(Dataset extract)
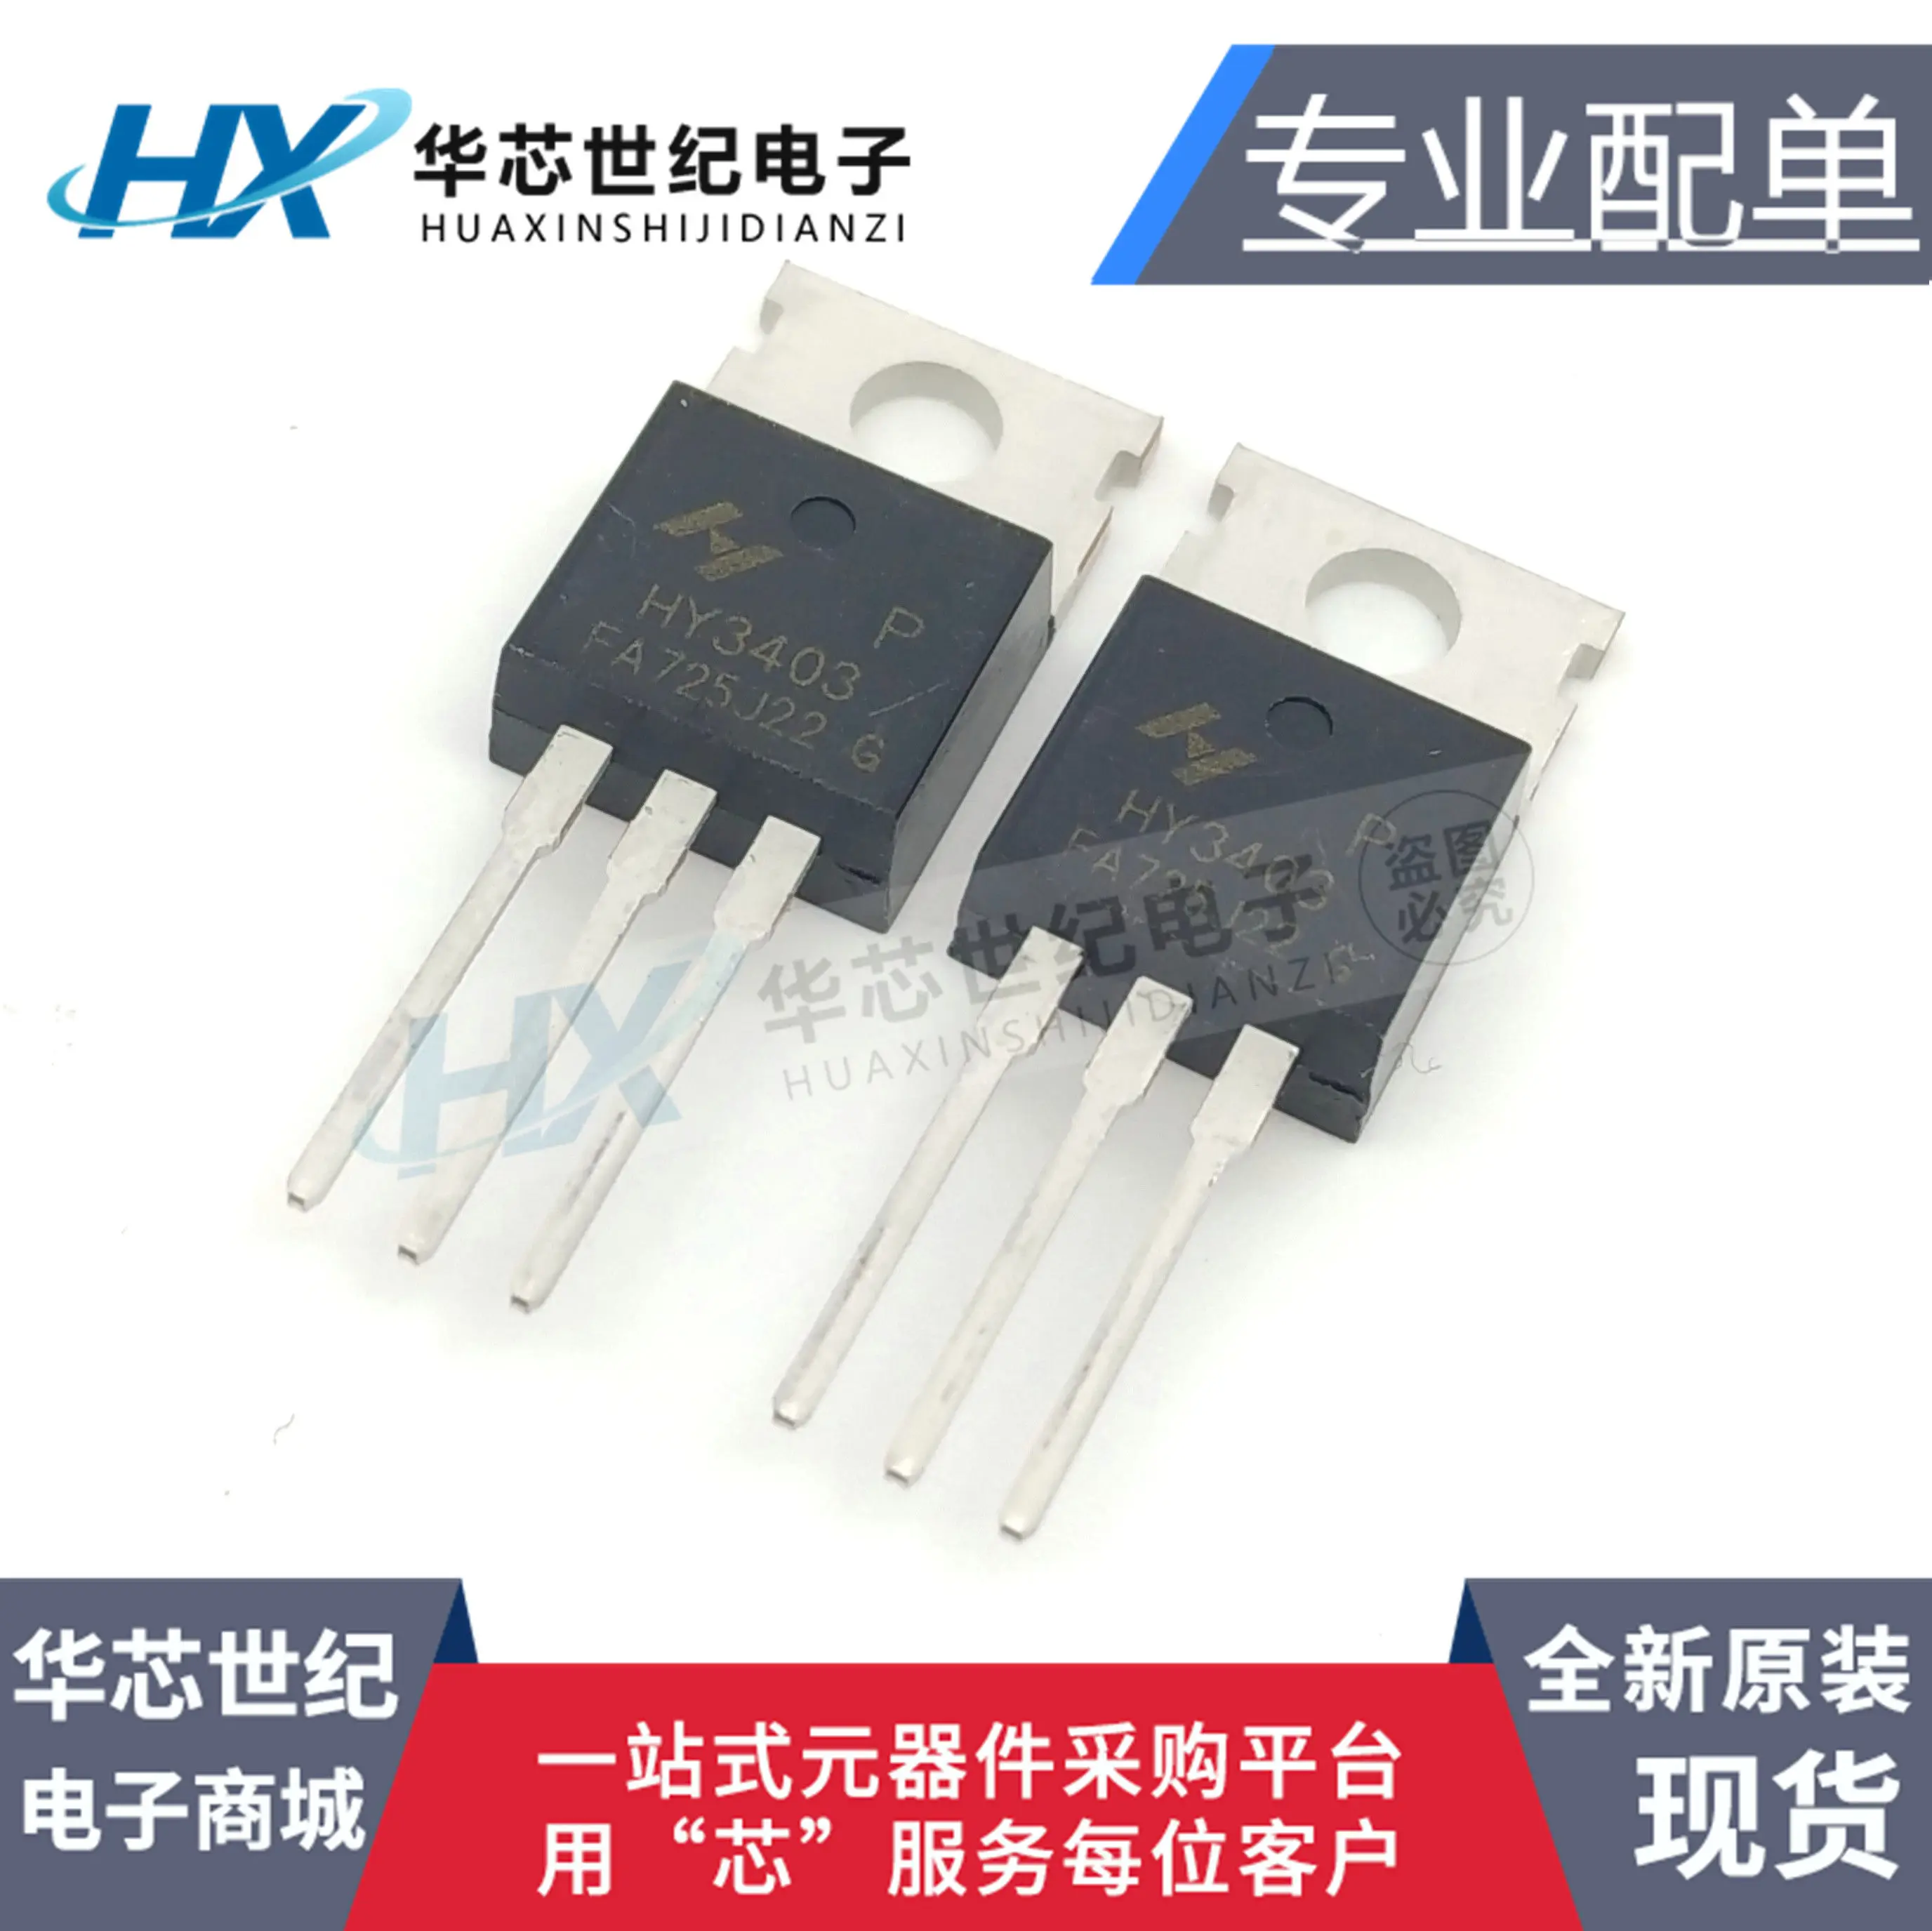 

30pcs original new HY3403P field-effect transistor 3403P 30V 100A TO-220 N channel
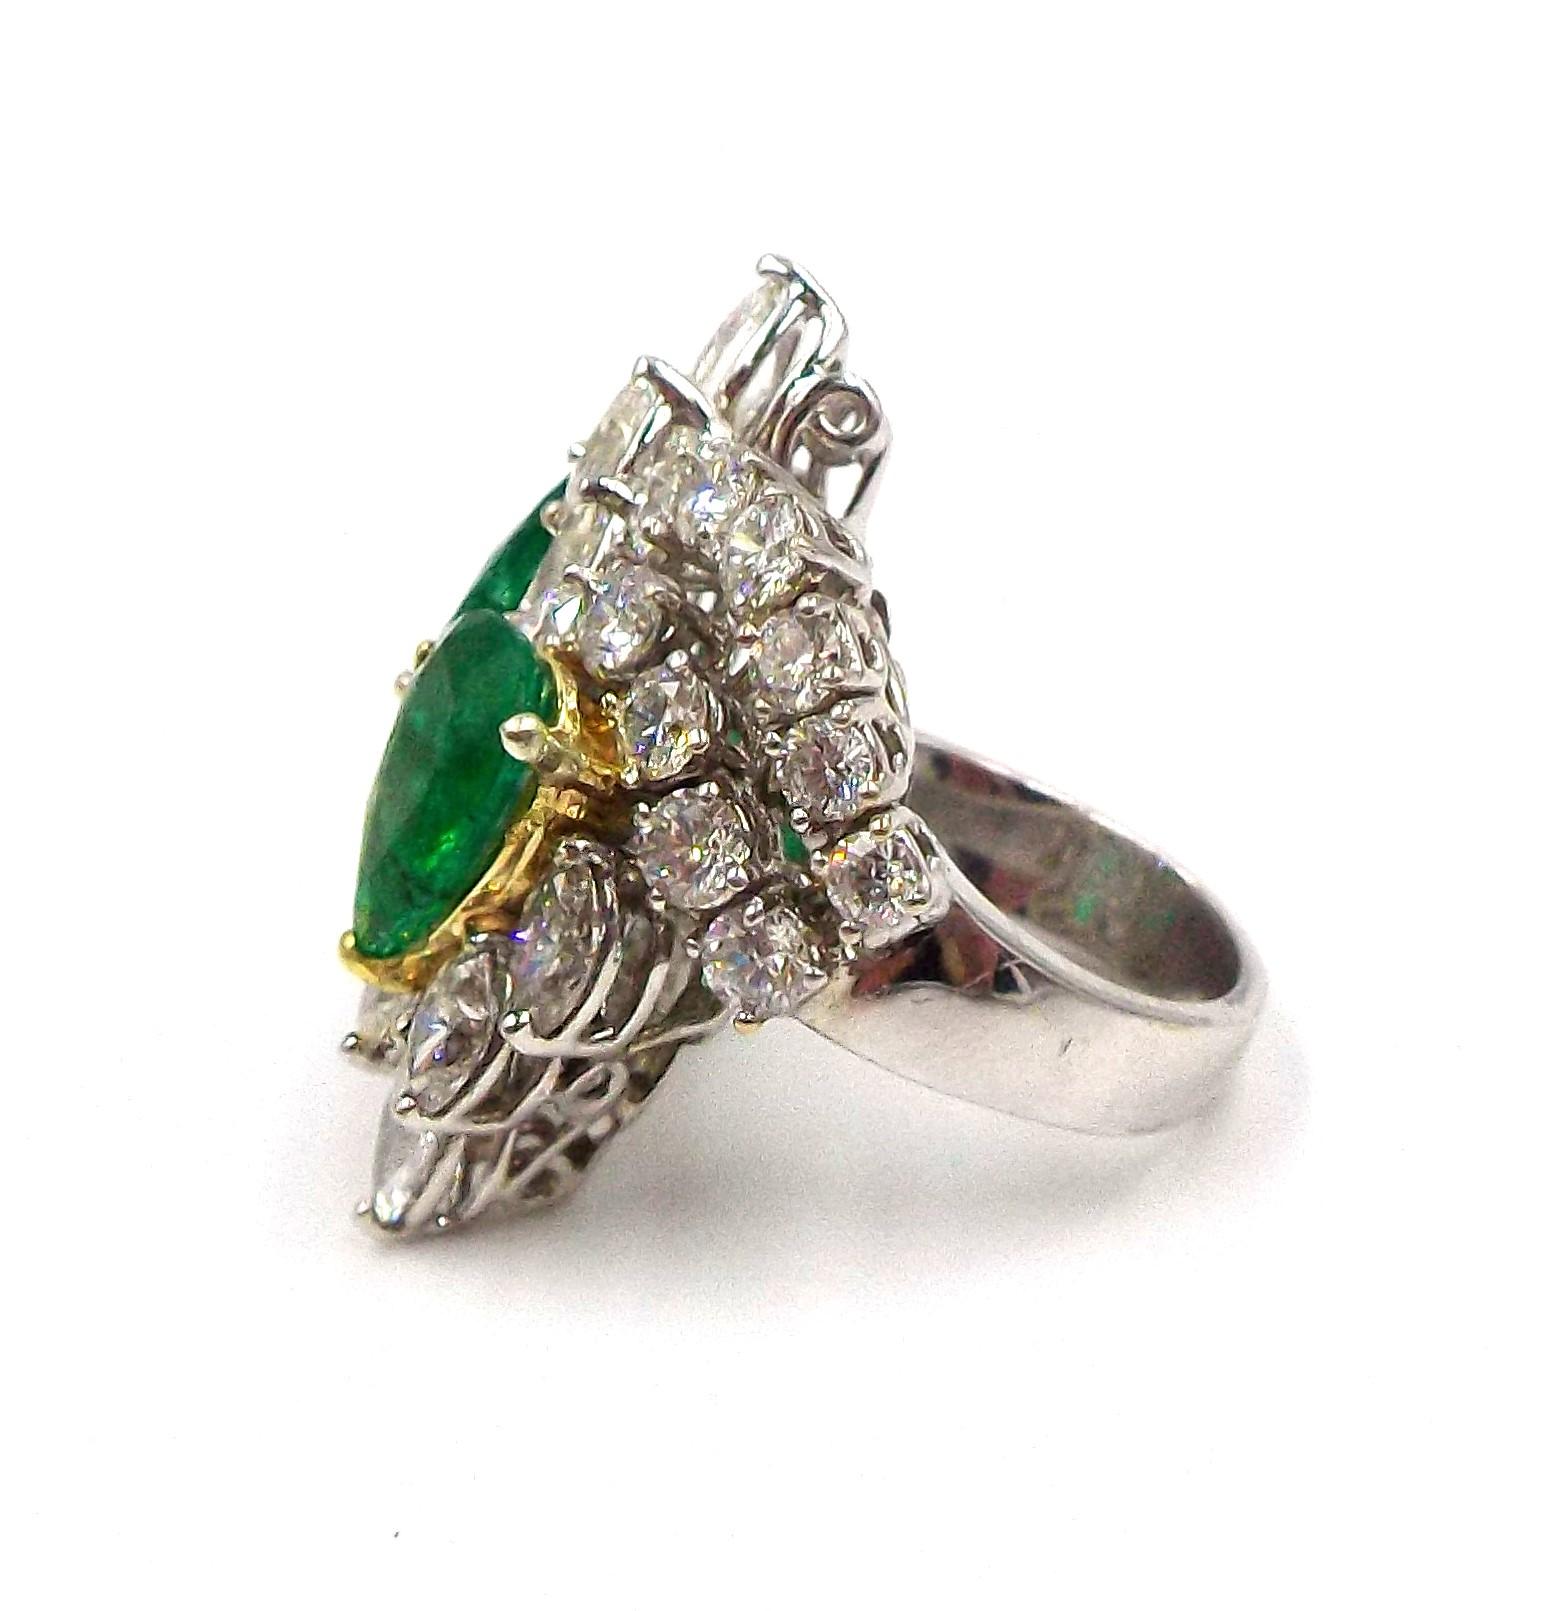 18K white gold, emeralds are ap. 3.62ct in total, tipped by 10 marquise-shaped diamonds, within curved ribbons of 23 round diamonds, altogether ap. 5 cts., ap. 302.37 grams. Size 6.
Marquise-shaped diamonds: H-I-J-one K-VS-SI.
Round diamonds:
(End Dataset extract)
Exercise objective: Exactly reproduce the lines beginning at the one that contains "18K white gold, emeralds" and ending at the final line of the material, with the pictures left out.

Final answer:
 18K white gold, emeralds are ap. 3.62ct in total, tipped by 10 marquise-shaped diamonds, within curved ribbons of 23 round diamonds, altogether ap. 5 cts., ap. 302.37 grams. Size 6.
Marquise-shaped diamonds: H-I-J-one K-VS-SI.
Round diamonds:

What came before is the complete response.